German union boss urges Berlin to scrap borrowing cap to safeguard economy
IG Metall chair Christiane Benner addresses thousands of VW workers striking over planned closure of several plants
The head of Germany’s most powerful trade union has called on Berlin to drop its cap on new borrowing to safeguard the future of Europe’s largest economy.
IG Metall chair Christiane Benner said the country should follow the example of the US and China, which are heavily supporting their domestic industries, meaning the borrowing limit had to “stop — immediately, not after the elections”.
Benner’s warning came as a wave of recently announced industrial job cuts set a grim backdrop to the early stages of election campaigning, following the collapse of Chancellor Olaf Scholz’s three-way coalition amid the country’s economic malaise.
Germany’s debt limits, which bar Berlin from borrowing more than 0.35 per cent of GDP in any fiscal year, scuppered planned investments in the country’s green transition last year. It will be a hotly contested topic ahead of elections in February.
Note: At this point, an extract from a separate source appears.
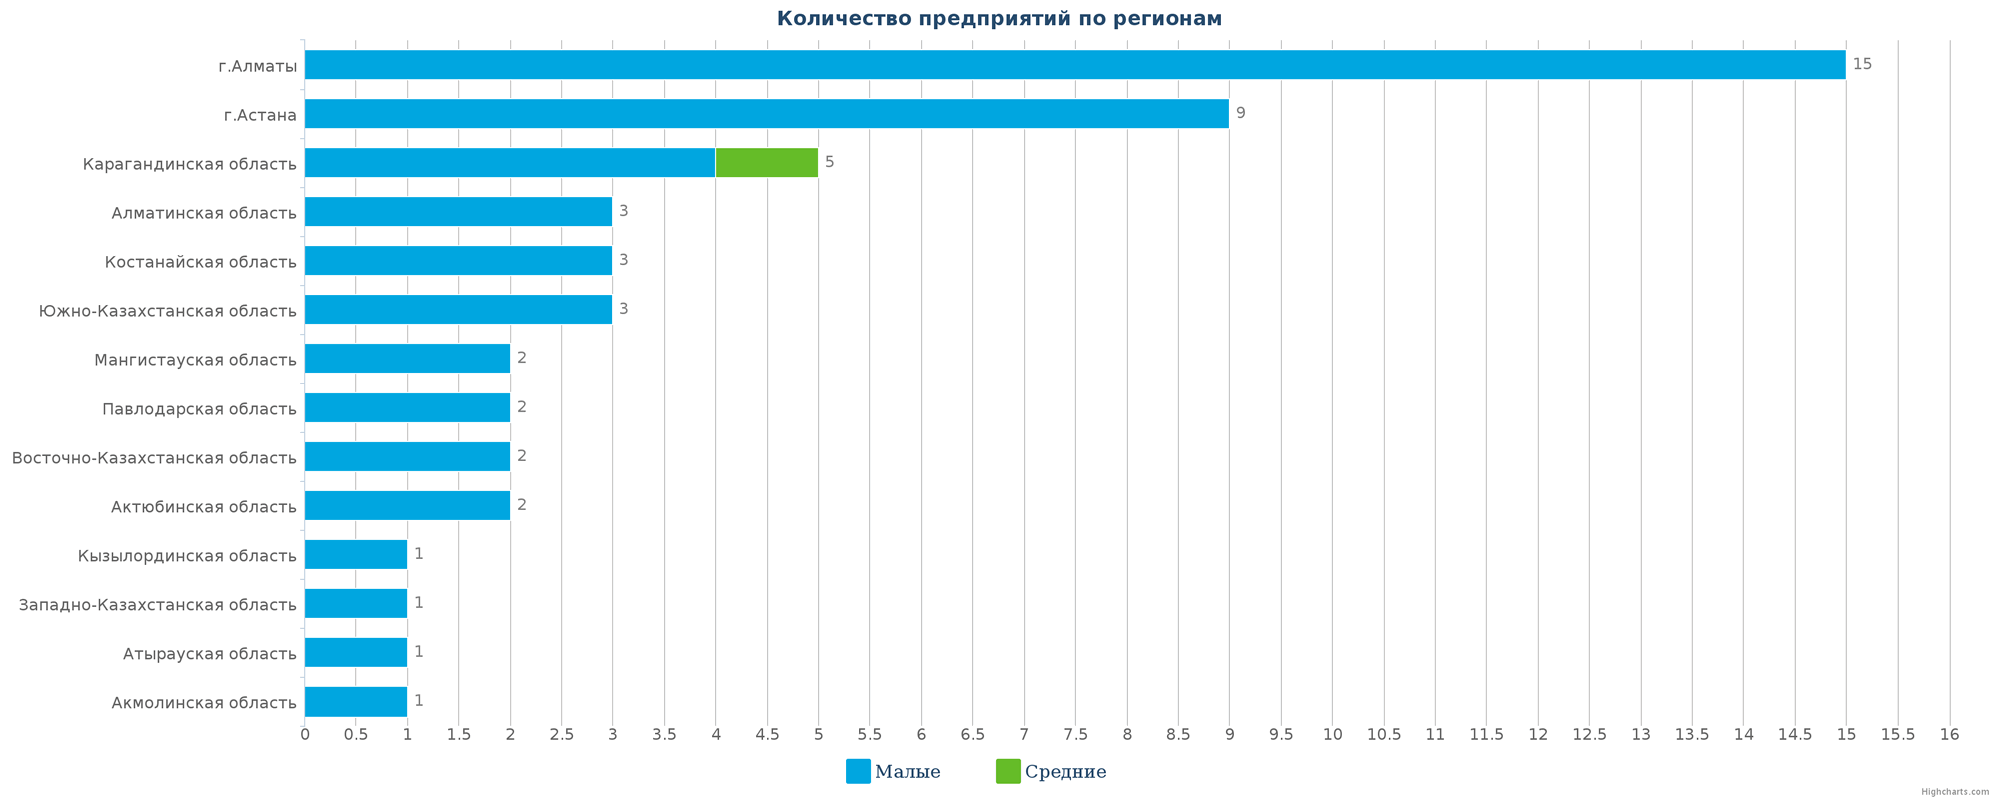 Количество новых промышленных организаций по регионам Казахстана

The union leader on Monday addressed tens of thousands of striking Volkswagen workers who had walked out for a second time in a month to protest against executives’ plans to close several plants in Germany amid a drop in sales.
Europe’s largest carmaker has been hit hard by slowing demand and growing competition in China, its most profitable market, where the market share of its flagship brand has nearly halved in just five years.
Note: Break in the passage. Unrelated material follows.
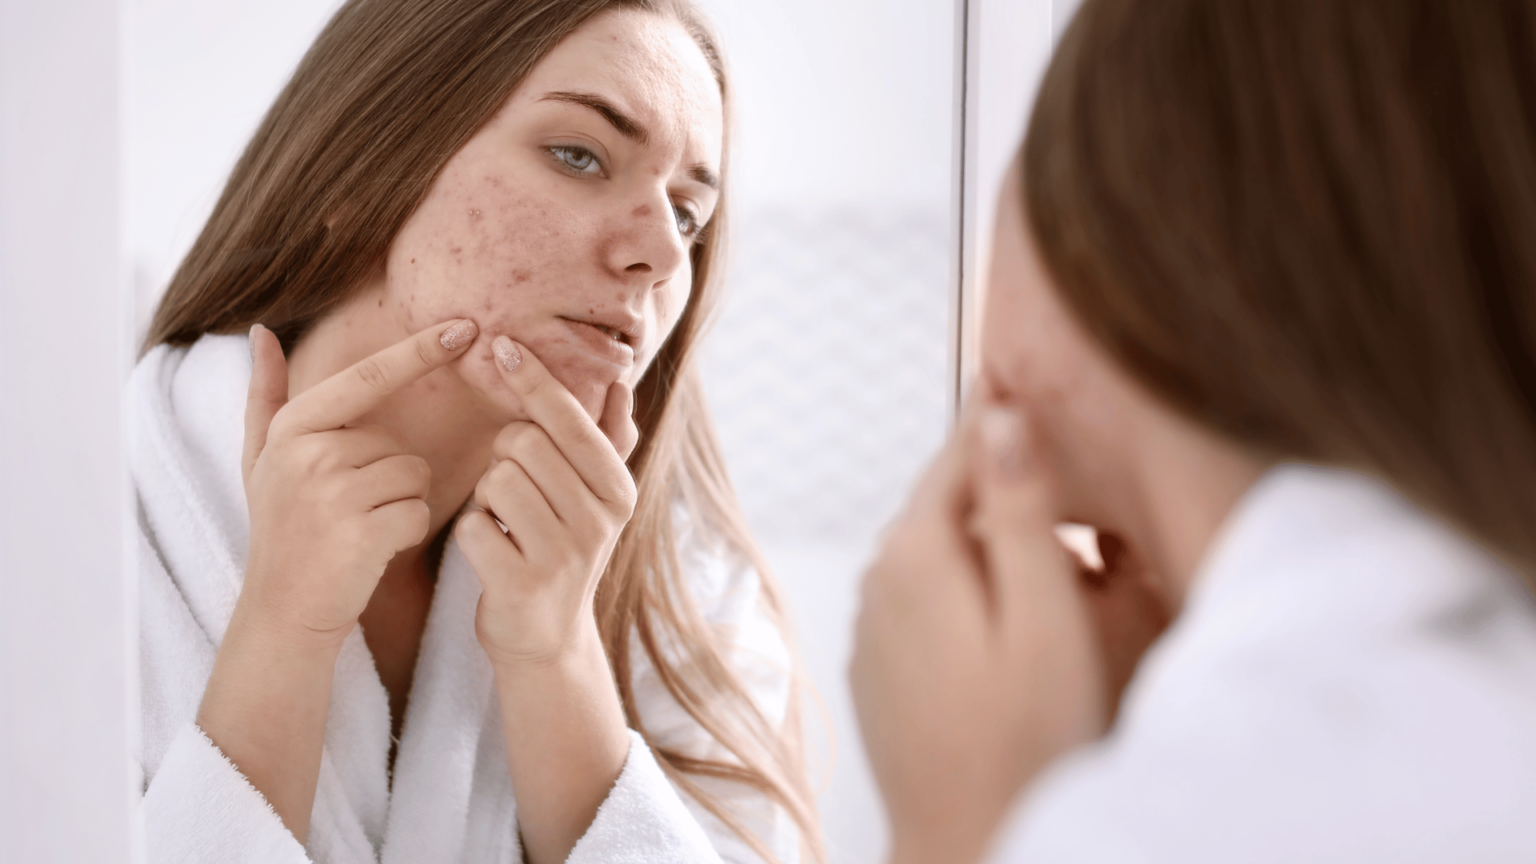 4 étapes pour soigner l’acné naturellement

The situation is not much better in its home region, where annual sales of new cars have fallen by roughly 2mn a year over the same time period, as consumers have grappled with higher costs of living.
VW workers across all shifts on Monday walked out for four hours — twice as long as the walkouts last week — as IG Metall and VW executives kick off the fourth round of negotiations over planned cost cuts.
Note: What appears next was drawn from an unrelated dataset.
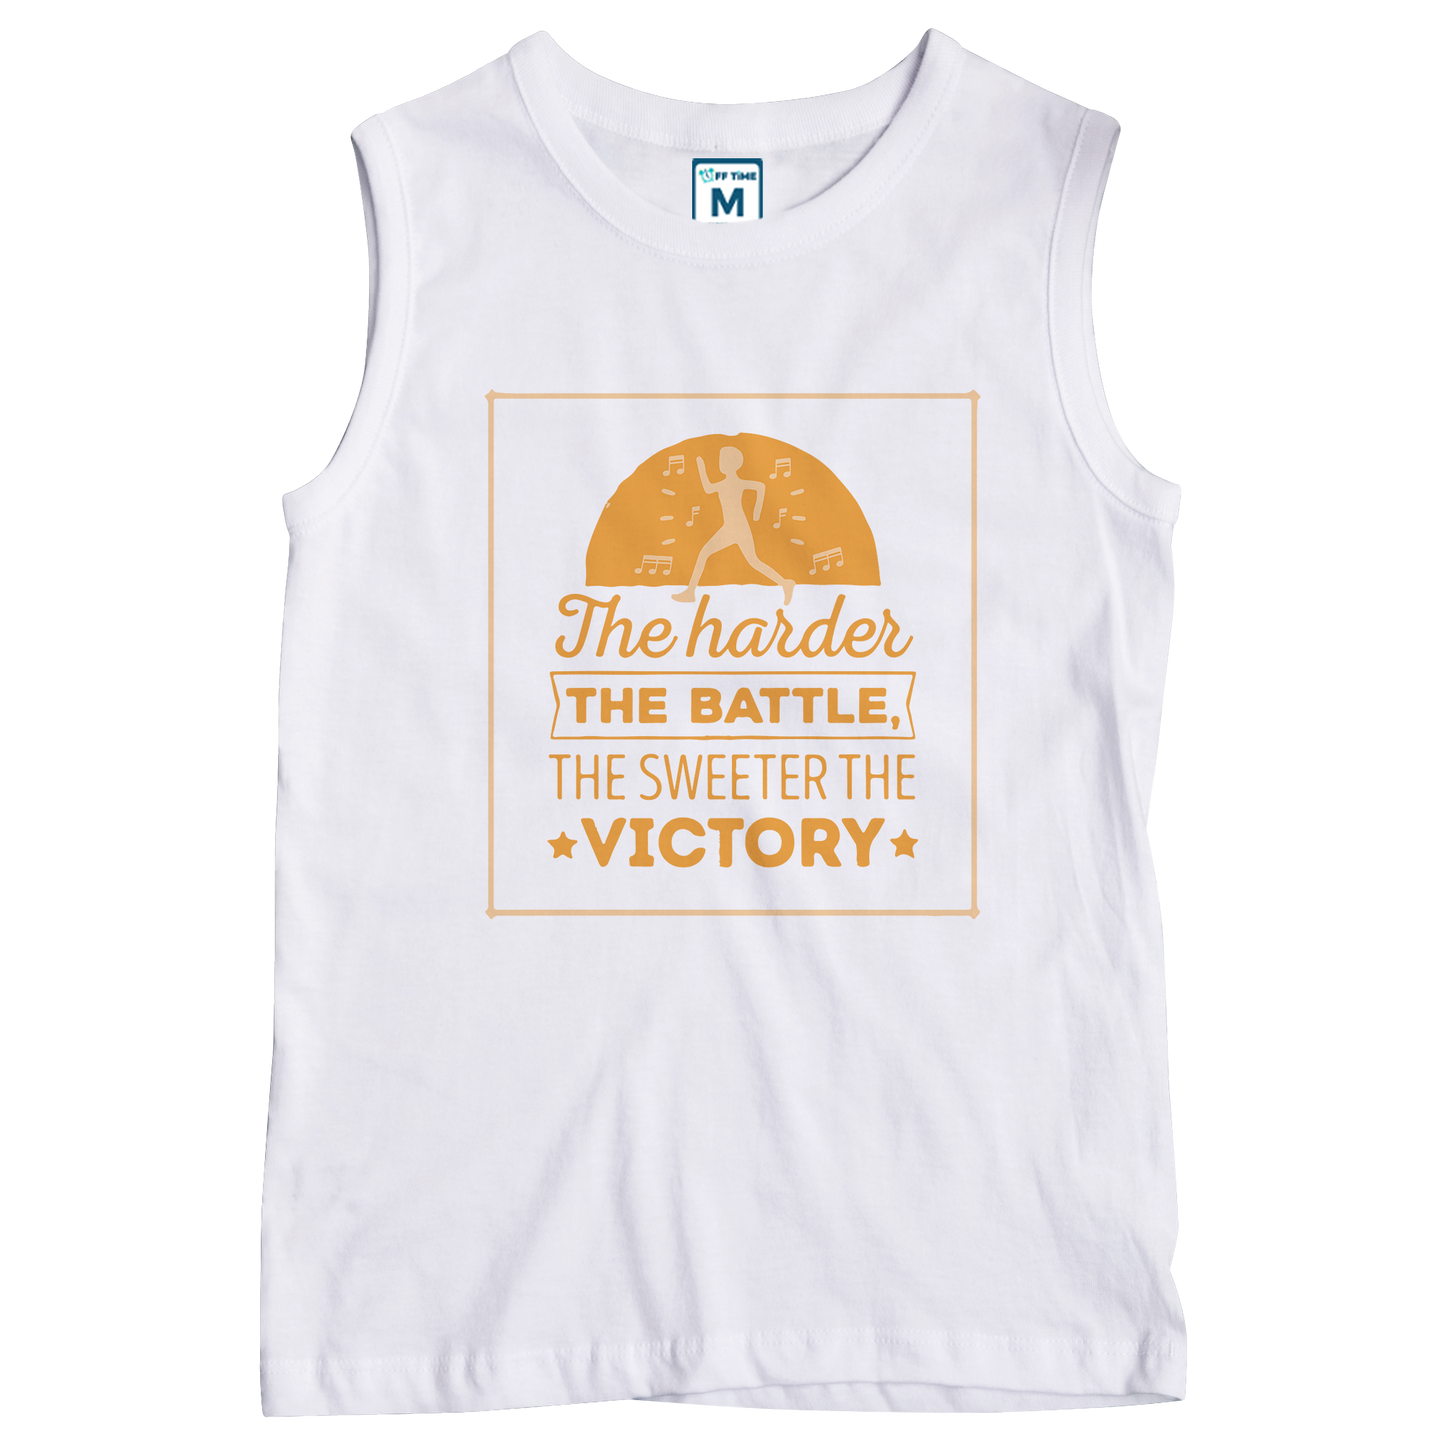 Sleeveless Drifit Shirt: Battle Victory

Worker representatives last month offered to forgo €1.5bn in future pay rises if executives at the German company agreed to rein in bonuses, curtail dividends and — most importantly — cancel plans to close factories.
But VW’s lead negotiator Arne Meiswinkel on Monday said the company had concluded that “the counterproposal is not sufficient for a sustainable solution” and that VW “must reduce its excess capacity”.
IG Metall and VW’s labour leader Daniela Cavallo reiterated that workers would expand strike action unless the company agreed to scrap its historic proposal to shut factories during Monday’s negotiation.
Underscoring the gloomy outlook for the German automotive industry, tyre and automotive component maker Continental on Monday confirmed plans to spin off its automotive division.
The unit, which with its €20.3bn in annual sales and roughly 100,000 employees makes up half of Continental, has announced tens of thousands of job cuts in recent years, due to lower demand and growing costs associated with the transition to electric vehicles. Continental said it planned to spin off the division before the end of 2025.